▸ INSTRUCTIONS FOR THE TASK:
Leaving the pictures aside, reproduce the data in full and word for word.

▸ GIVEN INFORMATION:

● ● ● ● ●

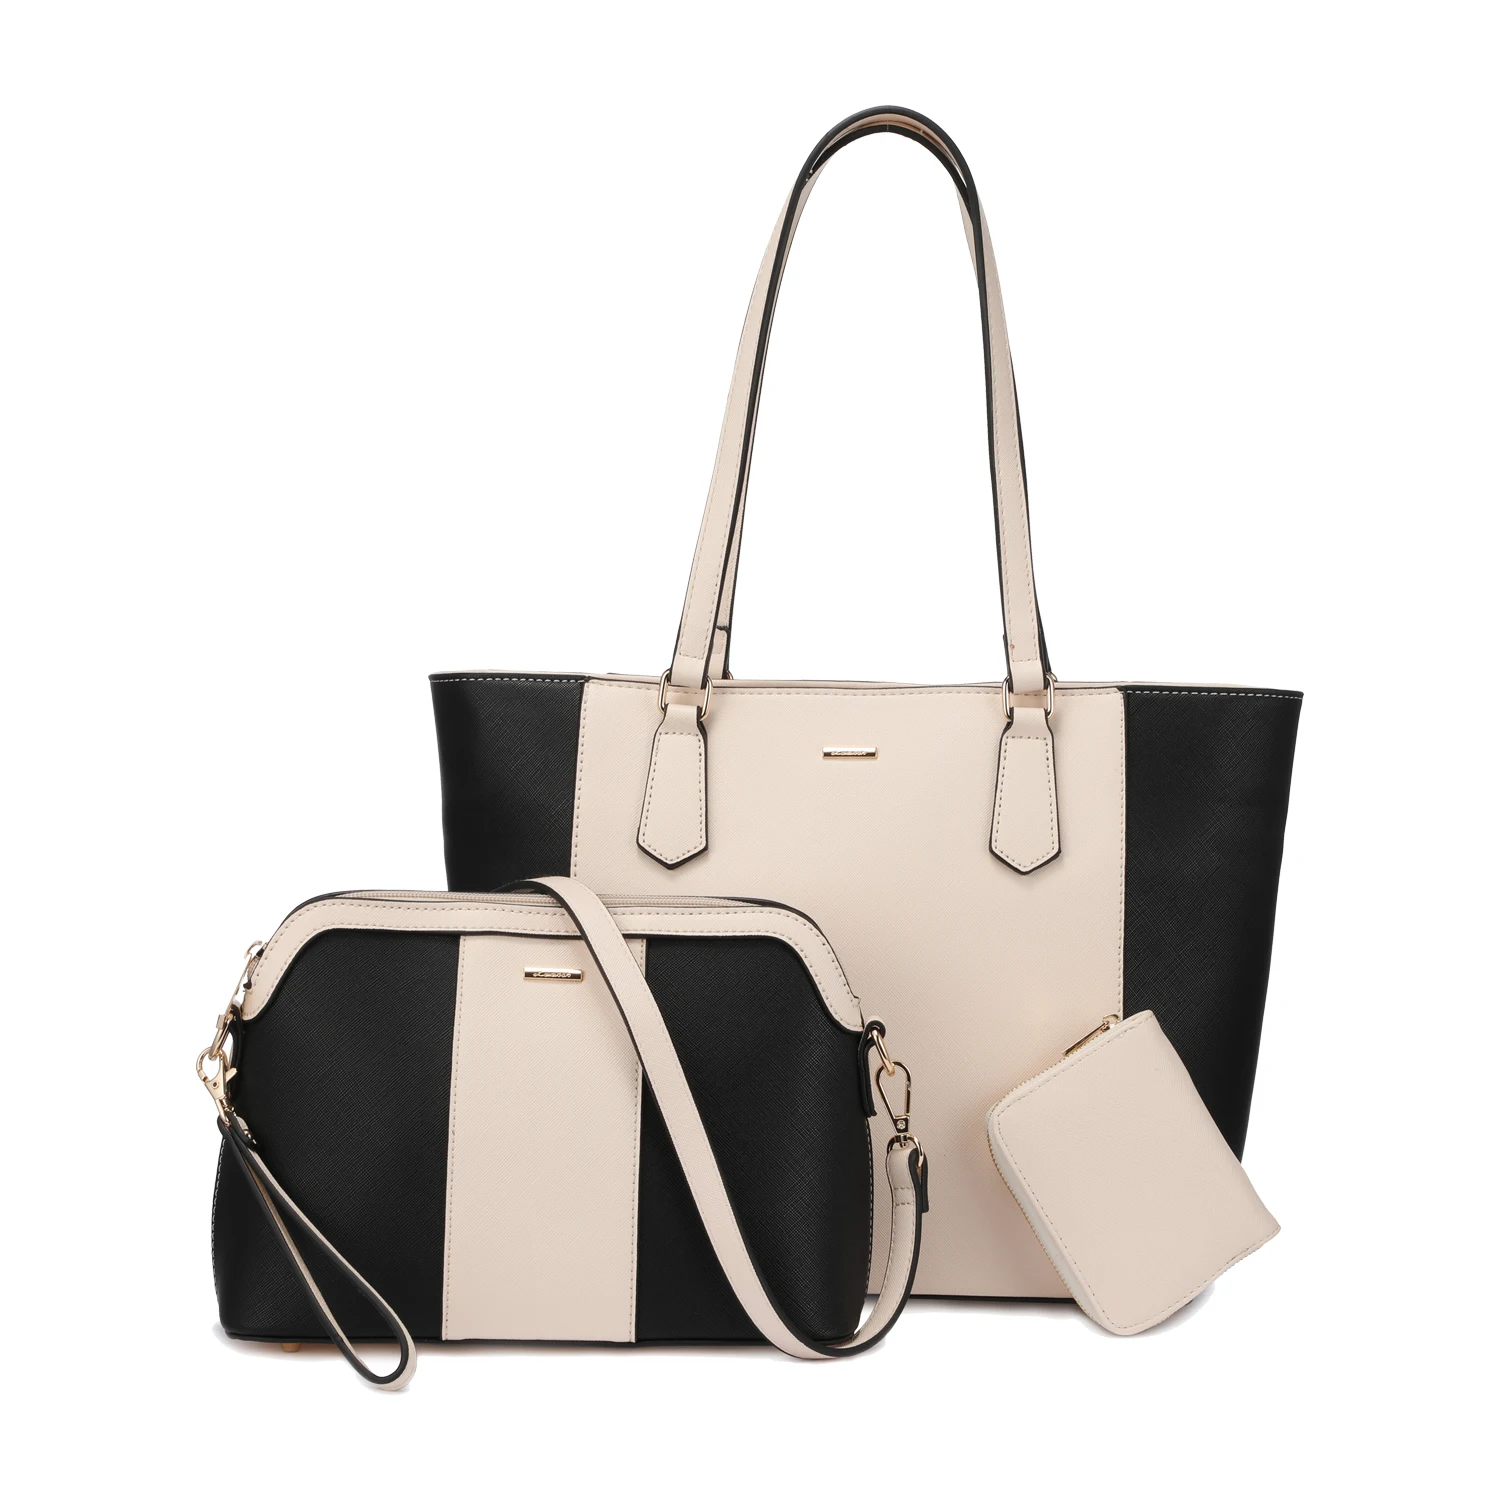 

BRAND LOVEVOOK 2020 NEW HOT SALE fashion pu leather three-piece tote handbags Delicate design handbags for women, Customizable
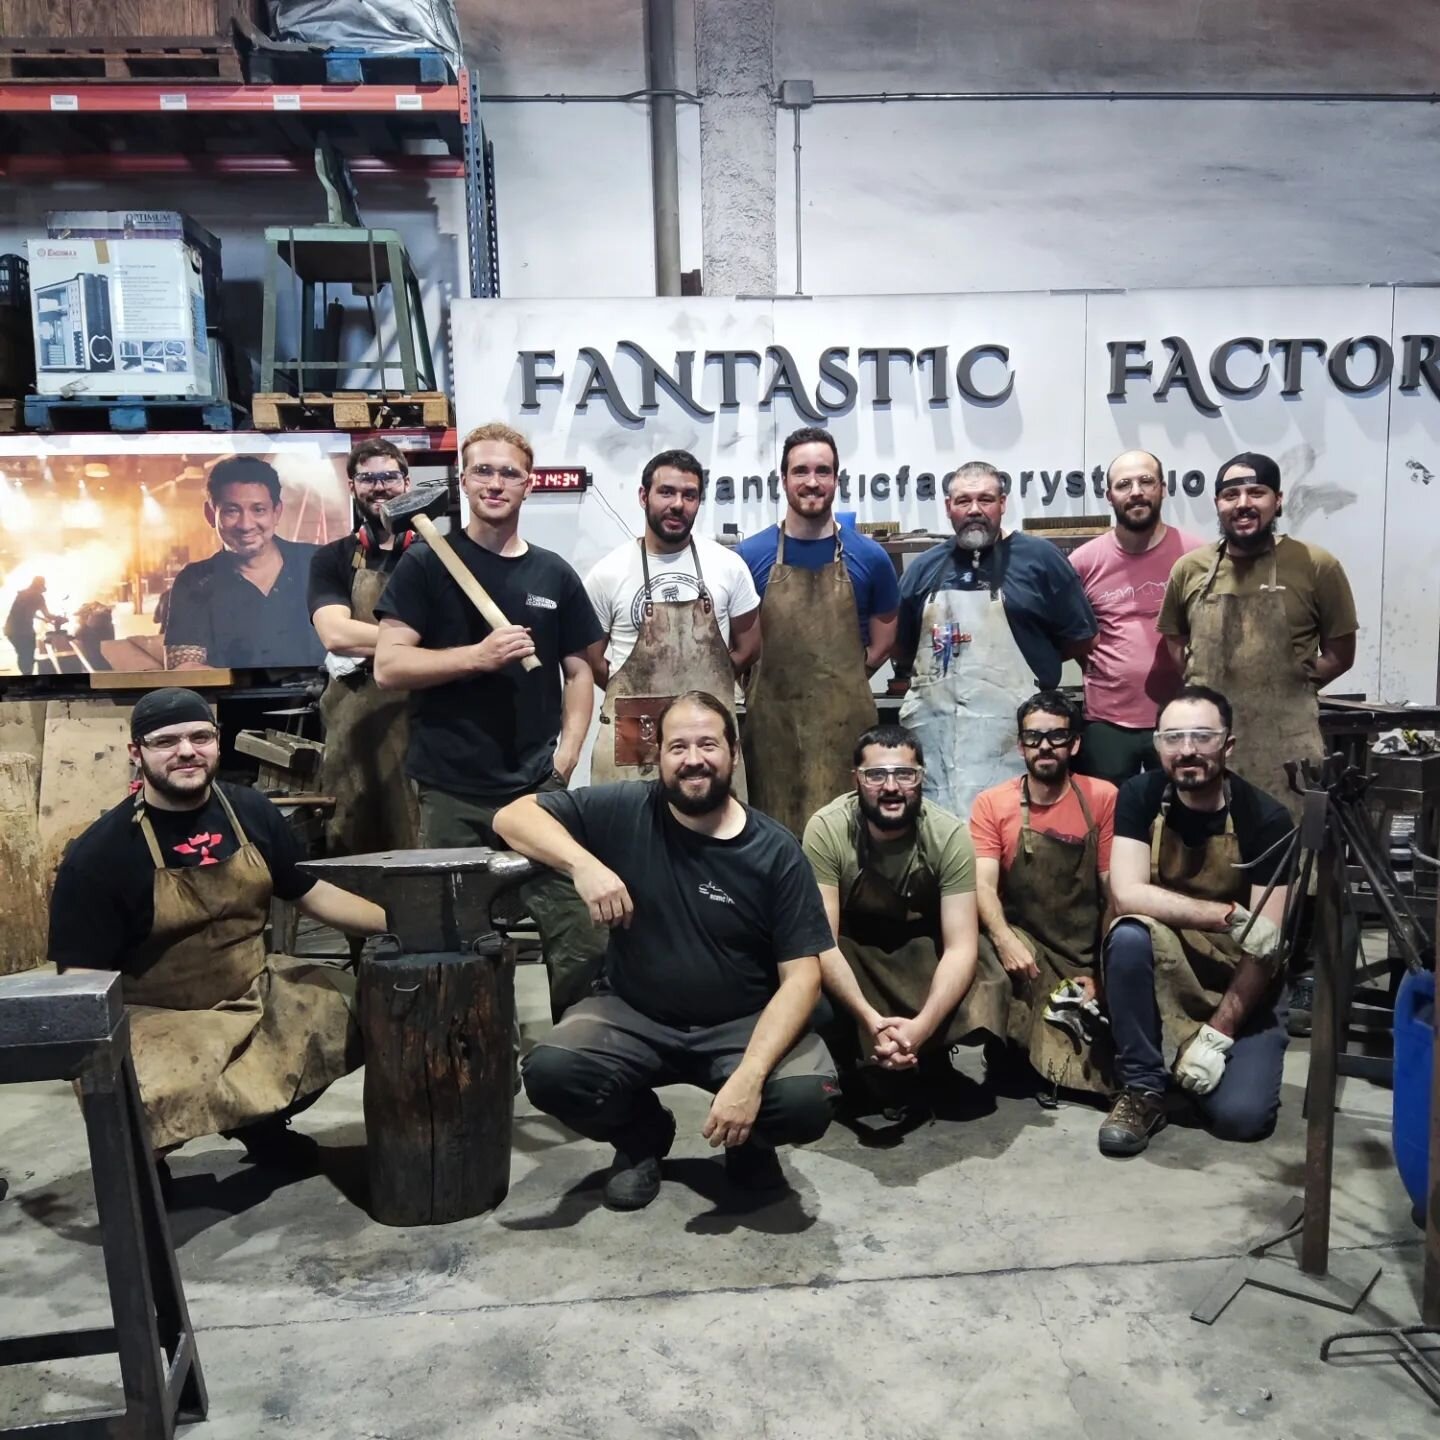 Cursos de Forja en Fantastic Factory Studio @fantasticfactorystudio #forjadoafuego #cursosdeforja #fantasticfactorystudio
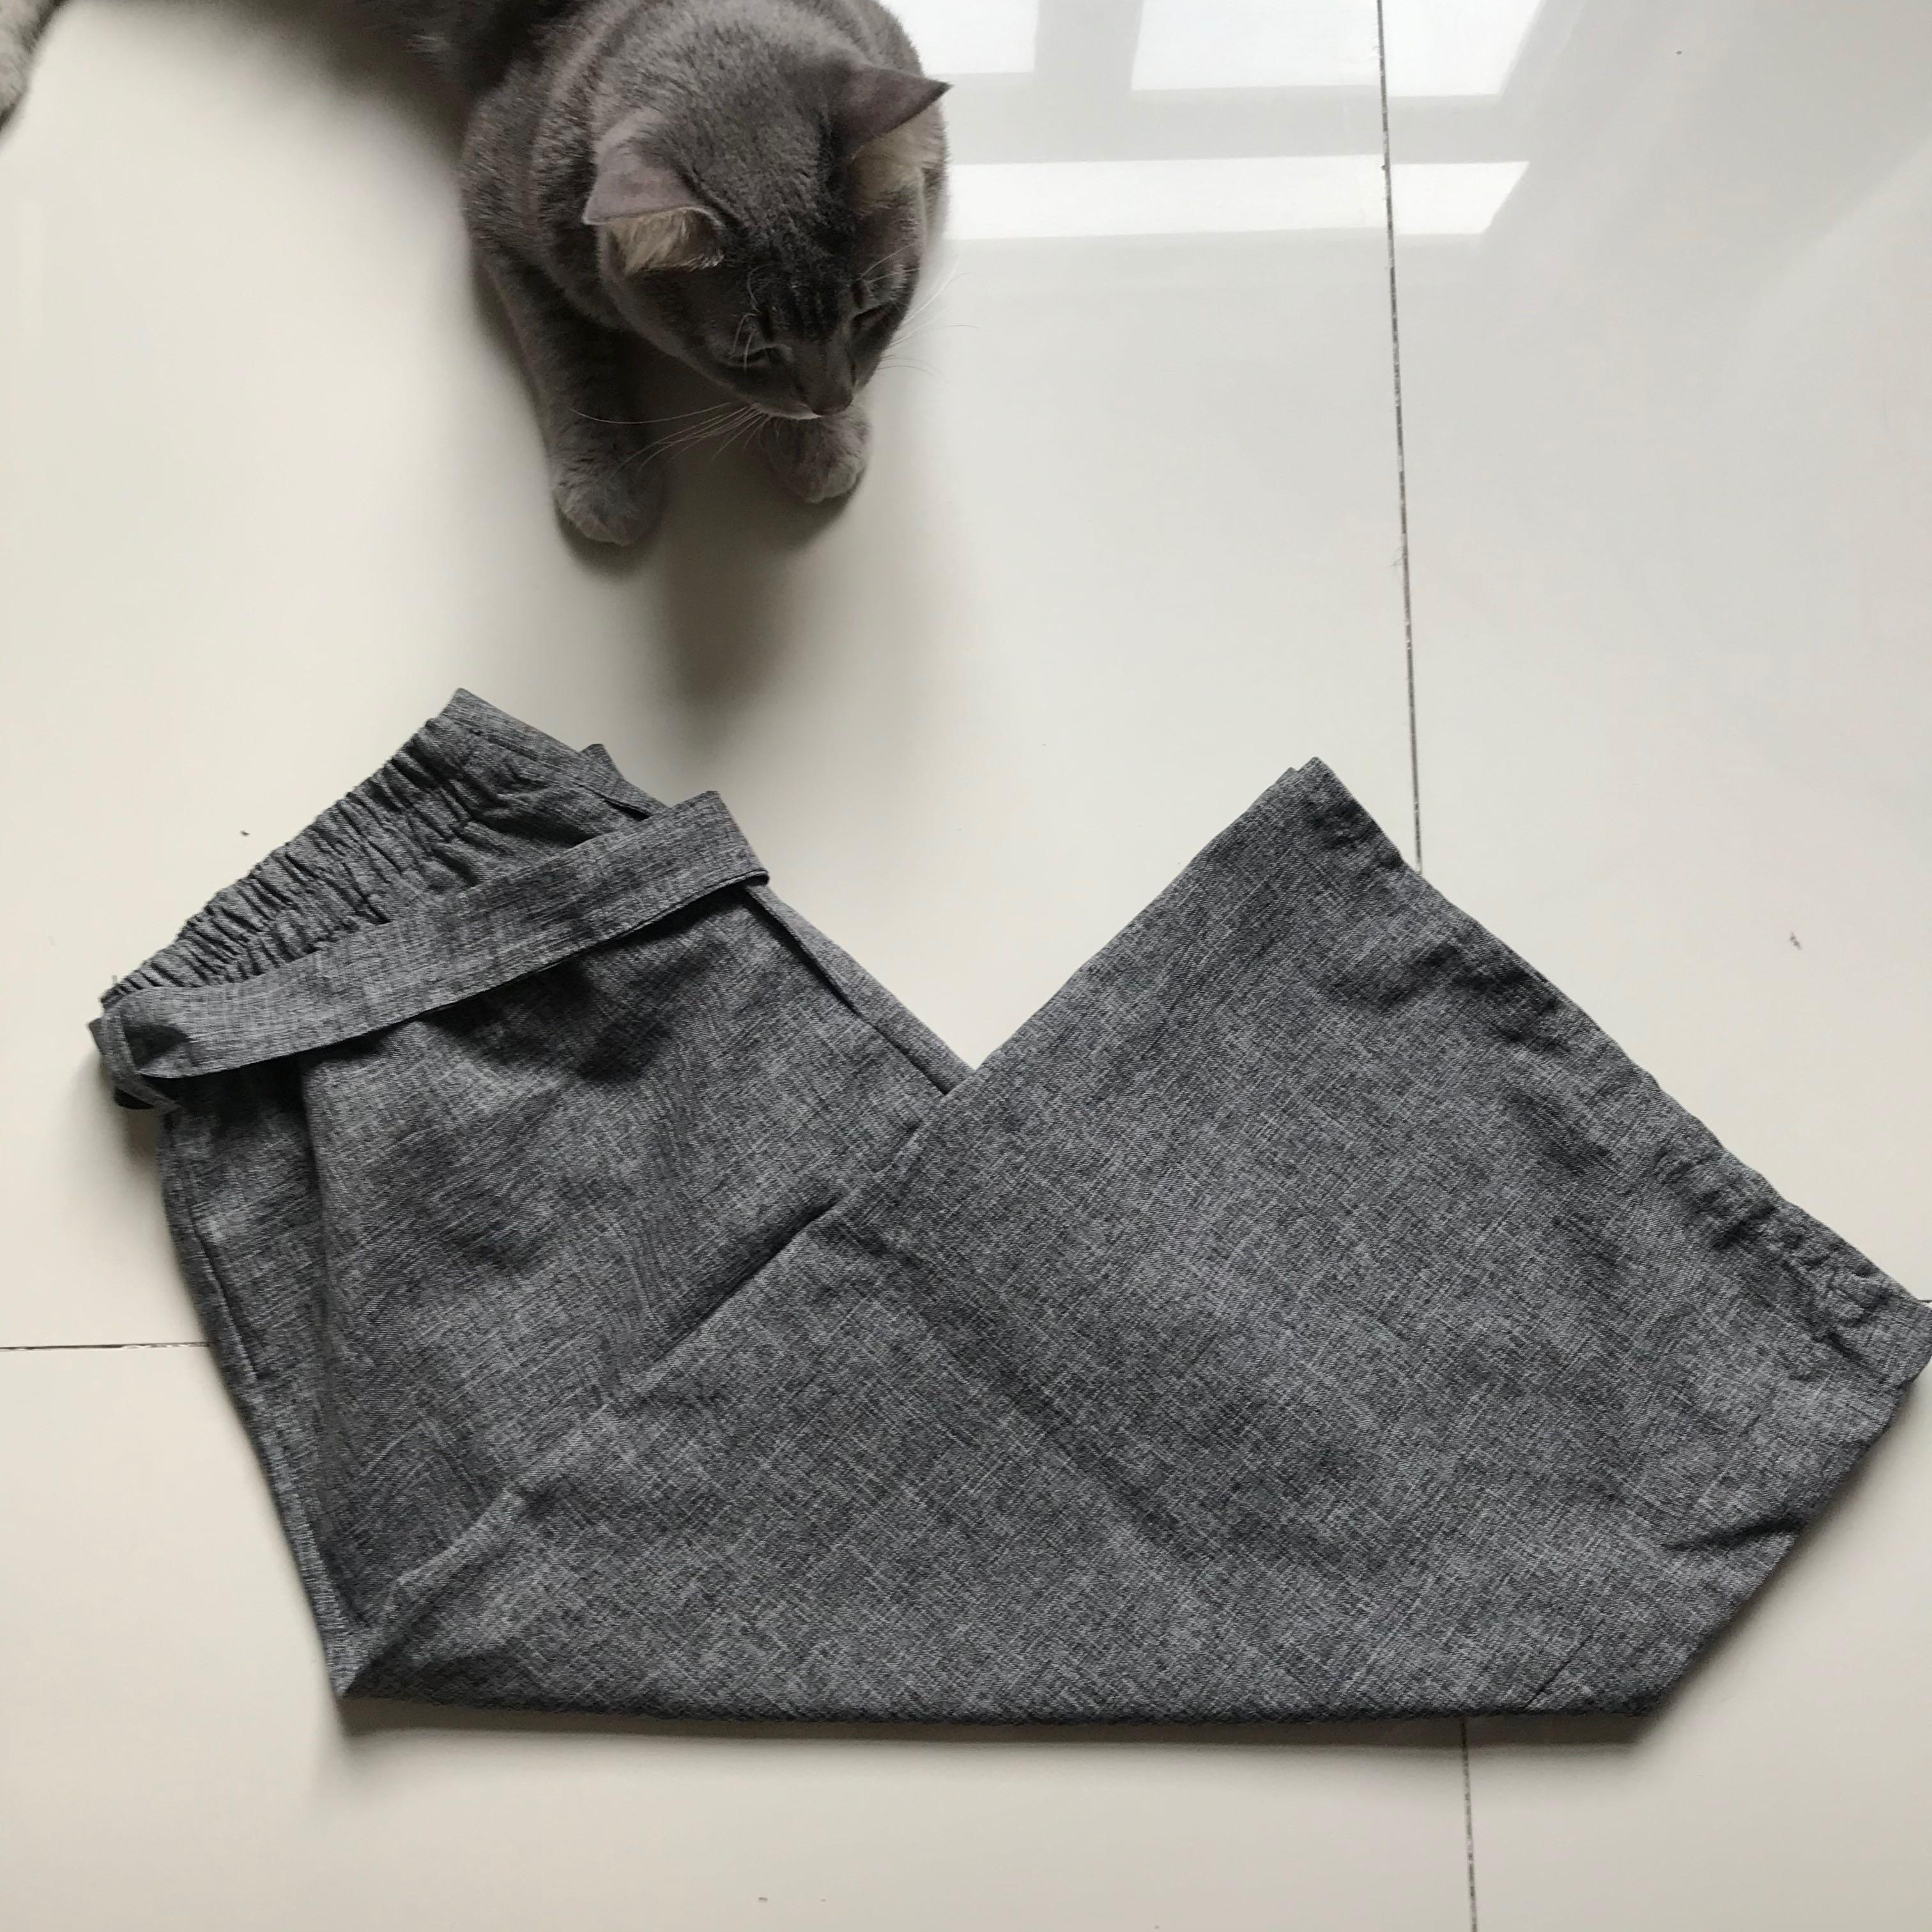 womens gray corduroy pants

● ● ● ● ●

▸ EXERCISE SOLUTION:
BRAND LOVEVOOK 2020 NEW HOT SALE fashion pu leather three-piece tote handbags Delicate design handbags for women, Customizable
 Cursos de Forja en Fantastic Factory Studio @fantasticfactorystudio #forjadoafuego #cursosdeforja #fantasticfactorystudio
 womens gray corduroy pants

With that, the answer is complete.